Proxy vs SDK: Two Architectures for AI Agent Enforcement
Jay Cabello
Founder, Intercis · Security engineer
Every organization deploying AI agents in production eventually reaches the same decision point: How do we enforce policy on what agents do?
There are two fundamentally different architectural approaches:
- SDK/In-Process: Embed enforcement rules inside the agent's code
- Proxy/Out-of-Process: Intercept agent requests from outside the process
Each approach has distinct tradeoffs. This guide covers both, explains when to choose each, and explains why we built Intercis as a proxy.
What Is SDK-Based Enforcement?
Definition: A developer imports a library into their agent code.
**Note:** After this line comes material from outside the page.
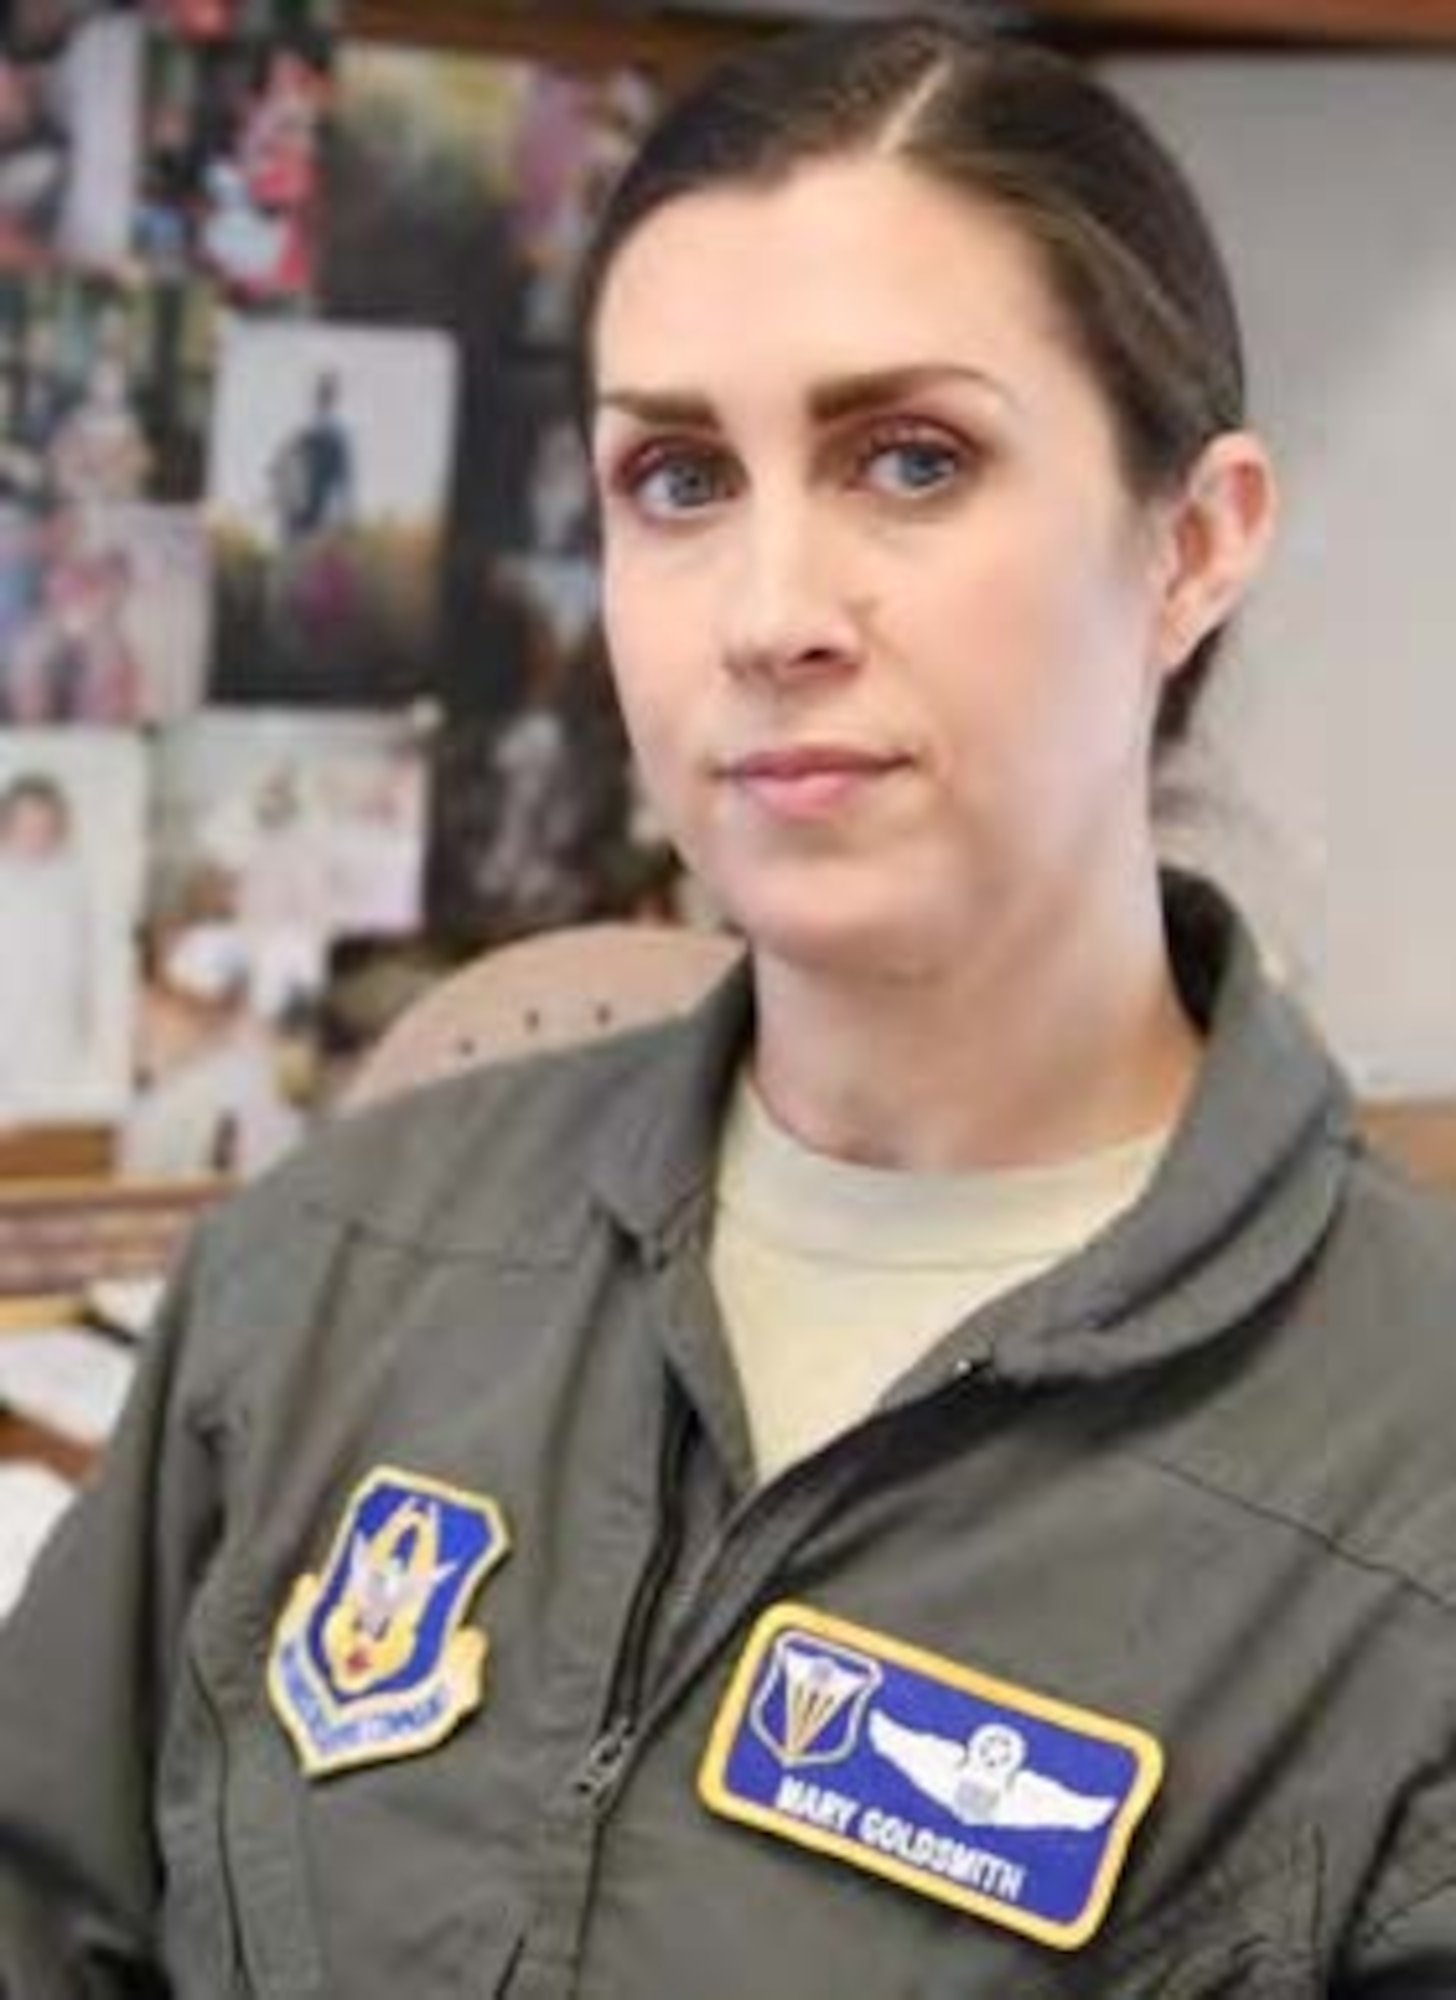 Lt. Col. Mary Goldsmith is the Chief of Training for 4th Air Force's Operations, Plans and Requirements directorate at March Air Reserve Base, California. (U.S. Air Force photo by Candy Knight)

That library validates actions before they execute.
How it looks in code:
from guardrails import Guard
from langchain_agents import AgentExecutor
# Developer defines validation rules
guard = Guard.from_string("""
blocks:
- name: "block_credential_access"
on_fail: "exception"
validators:
- type: "is_not_secret"
- name: "block_delete_operations"
validators:
- type: "json_schema"
schema: {
"not": {"properties": {"action": {"const": "delete_file"}}}
}
""")
# Developer imports the guard into their agent
agent = AgentExecutor.from_agent_and_tools(
agent=agent,
tools=tools,
guard=guard,
verbose=True
)
response = agent.invoke({"input": "delete old logs"})
Examples of SDK-based solutions:
- Guardrails AI
- NeMo Guardrails (NVIDIA)
- LangChain callbacks and tools validation
- Custom decorators and middleware
Typical feature set:
- Output validation (check LLM responses for credentials, banned topics, etc.)
- Tool use validation (check which tools are called and with what parameters)
- Custom validators (regex, JSON schema, semantic checks)
- Per-agent customization
What Is Proxy-Based Enforcement?
Definition: A proxy sits between the agent and the systems it needs to reach (LLM API, databases, filesystems, cloud APIs). Every request is intercepted and evaluated.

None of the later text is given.